上下文向量: 上下文向量与隐藏状态结合形成解码器输入。
解码器: 解码器生成输出序列。

实际详细应用代码示例实现

数据准备

import numpy as np
import torch
from torch.utils.data import Dataset, DataLoader

class TimeSeriesDataset(Dataset):
    def __init__(self, data, seq_length):
        self.data = data
        self.seq_length = seq_length

    def __len__(self):
        return len(self.data) - self.seq_length

    def __getitem__(self, index):
        x = self.data[index:index+self.seq_length]
        y = self.data[index+self.seq_length]
        return torch.tensor(x, dtype=torch.float32), torch.tensor(y, dtype=torch.float32)

模型定义

import torch.nn as nn

class Attention(nn.Module):
    def __init__(self, hidden_dim):
        super(Attention, self).__init__()
        self.attention = nn.Linear(hidden_dim, 1)
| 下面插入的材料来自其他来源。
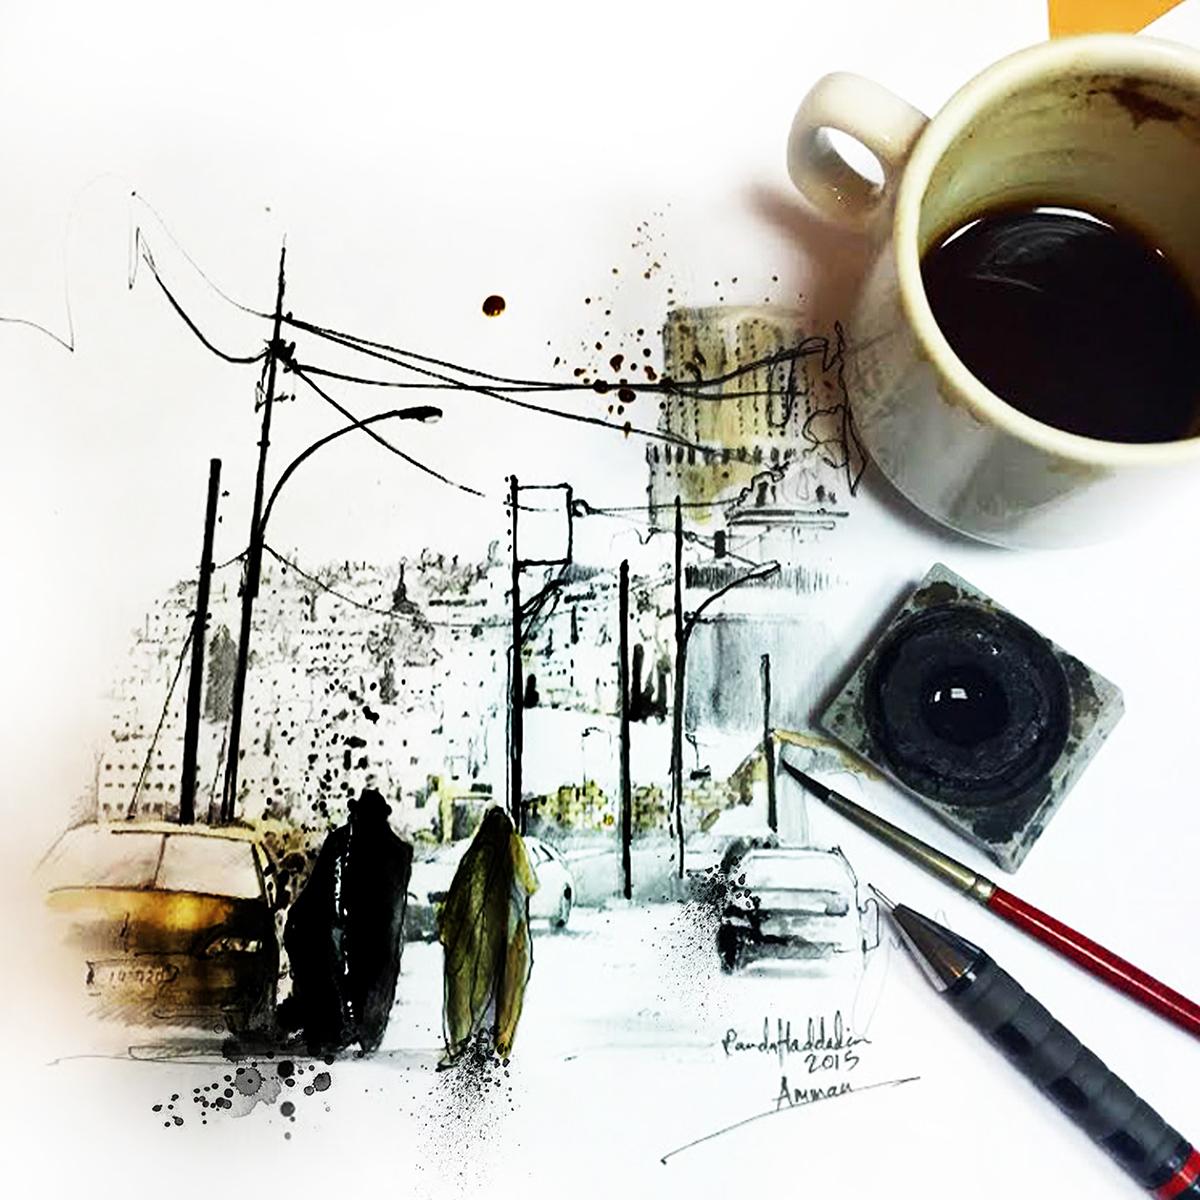 coffeeart illustration architecture Urbanart cityscape art sketch urbanism   amman jordan newyork streetstyle

    def forward(self, hidden_states):
        scores = self.attention(hidden_states).squeeze(-1)
        weights = torch.softmax(scores, dim=1)
        context_vector = torch.sum(weights.unsqueeze(-1) * hidden_states, dim=1)
        return context_vector

class LSTMWithAttention(nn.Module):
    def __init__(self, input_dim, hidden_dim, output_dim, num_layers):
        super(LSTMWithAttention, self).__init__()
        self.lstm = nn.LSTM(input_dim, hidden_dim, num_layers, batch_first=True)
        self.attention = Attention(hidden_dim)
        self.fc = nn.Linear(hidden_dim, output_dim)

    def forward(self, x):
        lstm_out, _ = self.lstm(x)
        context_vector = self.attention(lstm_out)
        output = self.fc(context_vector)
        return output

模型训练与测试

def train_model(model, train_loader, criterion, optimizer, epochs):
    model.train()
    for epoch in range(epochs):
        for x_batch, y_batch in train_loader:
            optimizer.zero_grad()
            outputs = model(x_batch.unsqueeze(-1))
            loss = criterion(outputs, y_batch.unsqueeze(-1))
            loss.backward()
            optimizer.step()
        print(f"Epoch {
      
      epoch+1}, Loss: {
      
      loss.item()}")

def evaluate_model(model, test_loader):
    model.eval()
    predictions, actuals = [], []
    with torch.no_grad():
        for x_batch, y_batch in test_loader:
            outputs = model(x_batch.unsqueeze(-1))
            predictions.extend(outputs.squeeze().tolist())
            actuals.extend(y_batch.squeeze().tolist())
    return predictions, actuals

主函数

if __name__ == "__main__":
    # Hyperparameters
    seq_length = 10
    input_dim = 1
    hidden_dim = 64
    output_dim = 1
    num_layers = 2
    learning_rate = 0.001
    epochs = 20

    # Dummy dataset
    data = np.sin(np.linspace(0, 50, 500))
    dataset = TimeSeriesDataset(data, seq_length)
    train_size = int(len(dataset) * 0.8)
    test_size = len(dataset) - train_size
    train_dataset, test_dataset = torch.utils.data.random_split(dataset, [train_size, test_size])
    train_loader = DataLoader(train_dataset, batch_size=32, shuffle=True)
    test_loader = DataLoader(test_dataset, batch_size=32)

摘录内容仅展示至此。